::: RECORDS FOR THE EXERCISE

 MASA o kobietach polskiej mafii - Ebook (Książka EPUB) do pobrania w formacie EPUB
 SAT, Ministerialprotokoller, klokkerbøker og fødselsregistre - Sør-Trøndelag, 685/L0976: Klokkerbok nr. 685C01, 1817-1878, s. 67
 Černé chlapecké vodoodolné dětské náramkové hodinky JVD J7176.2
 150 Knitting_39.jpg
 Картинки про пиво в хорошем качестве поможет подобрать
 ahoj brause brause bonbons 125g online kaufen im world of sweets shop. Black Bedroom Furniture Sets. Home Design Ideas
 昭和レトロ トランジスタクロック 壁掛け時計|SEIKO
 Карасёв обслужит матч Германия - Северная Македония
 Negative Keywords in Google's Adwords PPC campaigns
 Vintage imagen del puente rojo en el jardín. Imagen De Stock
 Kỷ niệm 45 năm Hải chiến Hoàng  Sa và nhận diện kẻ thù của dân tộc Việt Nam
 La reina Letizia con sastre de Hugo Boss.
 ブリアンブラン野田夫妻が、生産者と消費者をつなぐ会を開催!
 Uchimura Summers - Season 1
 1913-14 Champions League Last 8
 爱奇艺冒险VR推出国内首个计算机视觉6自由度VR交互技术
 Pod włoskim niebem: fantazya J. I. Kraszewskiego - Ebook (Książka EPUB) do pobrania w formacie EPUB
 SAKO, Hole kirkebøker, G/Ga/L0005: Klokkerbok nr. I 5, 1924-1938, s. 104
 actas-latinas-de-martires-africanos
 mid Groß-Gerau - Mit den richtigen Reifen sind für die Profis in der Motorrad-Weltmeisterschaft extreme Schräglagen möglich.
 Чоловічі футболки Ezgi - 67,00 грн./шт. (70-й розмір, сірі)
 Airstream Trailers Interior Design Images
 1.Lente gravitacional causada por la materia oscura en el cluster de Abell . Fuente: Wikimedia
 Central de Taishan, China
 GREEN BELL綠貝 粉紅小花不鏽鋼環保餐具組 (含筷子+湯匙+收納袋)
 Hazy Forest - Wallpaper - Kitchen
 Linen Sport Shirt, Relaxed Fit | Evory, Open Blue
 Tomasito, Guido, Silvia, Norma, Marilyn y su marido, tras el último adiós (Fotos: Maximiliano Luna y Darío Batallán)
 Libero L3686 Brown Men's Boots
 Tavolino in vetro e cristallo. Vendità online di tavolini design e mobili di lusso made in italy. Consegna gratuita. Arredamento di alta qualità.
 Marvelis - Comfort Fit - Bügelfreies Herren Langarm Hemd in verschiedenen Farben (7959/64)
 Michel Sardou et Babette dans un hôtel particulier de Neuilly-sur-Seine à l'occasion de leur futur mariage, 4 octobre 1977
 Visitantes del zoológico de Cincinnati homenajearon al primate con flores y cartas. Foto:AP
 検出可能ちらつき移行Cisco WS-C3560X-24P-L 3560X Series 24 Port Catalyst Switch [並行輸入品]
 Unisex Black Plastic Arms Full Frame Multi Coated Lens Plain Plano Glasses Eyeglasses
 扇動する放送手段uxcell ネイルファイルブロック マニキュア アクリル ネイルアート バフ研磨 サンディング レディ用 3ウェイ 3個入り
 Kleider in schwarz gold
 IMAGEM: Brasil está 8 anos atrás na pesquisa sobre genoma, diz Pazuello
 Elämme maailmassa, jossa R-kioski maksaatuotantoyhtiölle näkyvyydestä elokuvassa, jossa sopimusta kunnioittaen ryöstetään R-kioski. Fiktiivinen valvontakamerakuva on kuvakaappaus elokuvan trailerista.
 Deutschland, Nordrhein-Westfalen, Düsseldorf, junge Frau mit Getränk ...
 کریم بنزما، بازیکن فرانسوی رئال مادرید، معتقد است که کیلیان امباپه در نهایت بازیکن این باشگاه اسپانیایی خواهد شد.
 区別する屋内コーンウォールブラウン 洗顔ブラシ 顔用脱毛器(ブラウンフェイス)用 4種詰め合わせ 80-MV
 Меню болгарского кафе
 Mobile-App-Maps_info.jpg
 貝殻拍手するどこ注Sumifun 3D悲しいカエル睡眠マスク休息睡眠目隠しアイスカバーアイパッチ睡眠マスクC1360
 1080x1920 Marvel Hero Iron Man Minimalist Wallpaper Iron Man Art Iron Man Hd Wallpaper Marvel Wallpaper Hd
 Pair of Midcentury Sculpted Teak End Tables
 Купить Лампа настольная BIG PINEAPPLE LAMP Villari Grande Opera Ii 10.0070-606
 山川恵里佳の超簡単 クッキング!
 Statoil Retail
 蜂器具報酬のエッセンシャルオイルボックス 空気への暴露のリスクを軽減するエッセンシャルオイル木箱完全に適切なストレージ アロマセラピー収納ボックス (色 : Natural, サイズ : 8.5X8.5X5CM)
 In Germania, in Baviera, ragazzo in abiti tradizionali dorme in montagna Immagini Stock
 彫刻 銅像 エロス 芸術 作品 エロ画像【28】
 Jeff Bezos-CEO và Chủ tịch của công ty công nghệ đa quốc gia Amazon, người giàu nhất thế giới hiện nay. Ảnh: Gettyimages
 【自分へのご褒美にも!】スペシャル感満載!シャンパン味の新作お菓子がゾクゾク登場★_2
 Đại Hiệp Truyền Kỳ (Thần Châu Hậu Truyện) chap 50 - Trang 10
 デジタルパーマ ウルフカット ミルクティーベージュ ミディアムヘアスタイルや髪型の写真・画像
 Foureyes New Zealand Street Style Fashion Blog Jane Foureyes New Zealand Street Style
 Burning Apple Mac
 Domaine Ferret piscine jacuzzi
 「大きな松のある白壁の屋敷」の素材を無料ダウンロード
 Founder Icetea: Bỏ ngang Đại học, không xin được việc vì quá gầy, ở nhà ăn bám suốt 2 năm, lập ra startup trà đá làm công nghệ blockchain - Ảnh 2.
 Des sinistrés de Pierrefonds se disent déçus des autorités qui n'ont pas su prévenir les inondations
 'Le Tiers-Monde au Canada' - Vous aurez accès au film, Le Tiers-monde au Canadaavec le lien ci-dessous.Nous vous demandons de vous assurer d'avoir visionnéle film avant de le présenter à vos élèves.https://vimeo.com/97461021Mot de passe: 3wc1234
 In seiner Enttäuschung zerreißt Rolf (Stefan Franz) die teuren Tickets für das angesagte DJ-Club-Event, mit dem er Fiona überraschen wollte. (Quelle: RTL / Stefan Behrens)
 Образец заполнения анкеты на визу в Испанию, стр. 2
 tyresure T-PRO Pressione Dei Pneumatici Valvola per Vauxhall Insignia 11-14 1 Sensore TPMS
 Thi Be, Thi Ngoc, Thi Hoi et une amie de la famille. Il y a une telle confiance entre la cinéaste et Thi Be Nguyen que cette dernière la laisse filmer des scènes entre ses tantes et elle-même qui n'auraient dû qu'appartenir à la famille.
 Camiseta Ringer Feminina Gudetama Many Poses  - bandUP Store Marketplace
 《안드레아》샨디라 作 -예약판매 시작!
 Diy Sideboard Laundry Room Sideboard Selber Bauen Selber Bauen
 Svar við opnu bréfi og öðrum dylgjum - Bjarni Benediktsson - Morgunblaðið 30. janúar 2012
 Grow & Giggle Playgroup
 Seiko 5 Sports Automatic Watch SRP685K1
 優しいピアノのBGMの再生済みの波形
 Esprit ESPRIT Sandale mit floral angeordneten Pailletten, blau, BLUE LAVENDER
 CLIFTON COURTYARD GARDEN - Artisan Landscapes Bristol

::::::

THE PROBLEM:
Please transcribe exactly the lines above from the line that has "mid Groß-Gerau - Mit" up to and including the line that has "Hazy Forest - Wallpaper - Kitchen"; no other line belongs in the answer.

RESULT OF THIS TASK:
 mid Groß-Gerau - Mit den richtigen Reifen sind für die Profis in der Motorrad-Weltmeisterschaft extreme Schräglagen möglich.
 Чоловічі футболки Ezgi - 67,00 грн./шт. (70-й розмір, сірі)
 Airstream Trailers Interior Design Images
 1.Lente gravitacional causada por la materia oscura en el cluster de Abell . Fuente: Wikimedia
 Central de Taishan, China
 GREEN BELL綠貝 粉紅小花不鏽鋼環保餐具組 (含筷子+湯匙+收納袋)
 Hazy Forest - Wallpaper - Kitchen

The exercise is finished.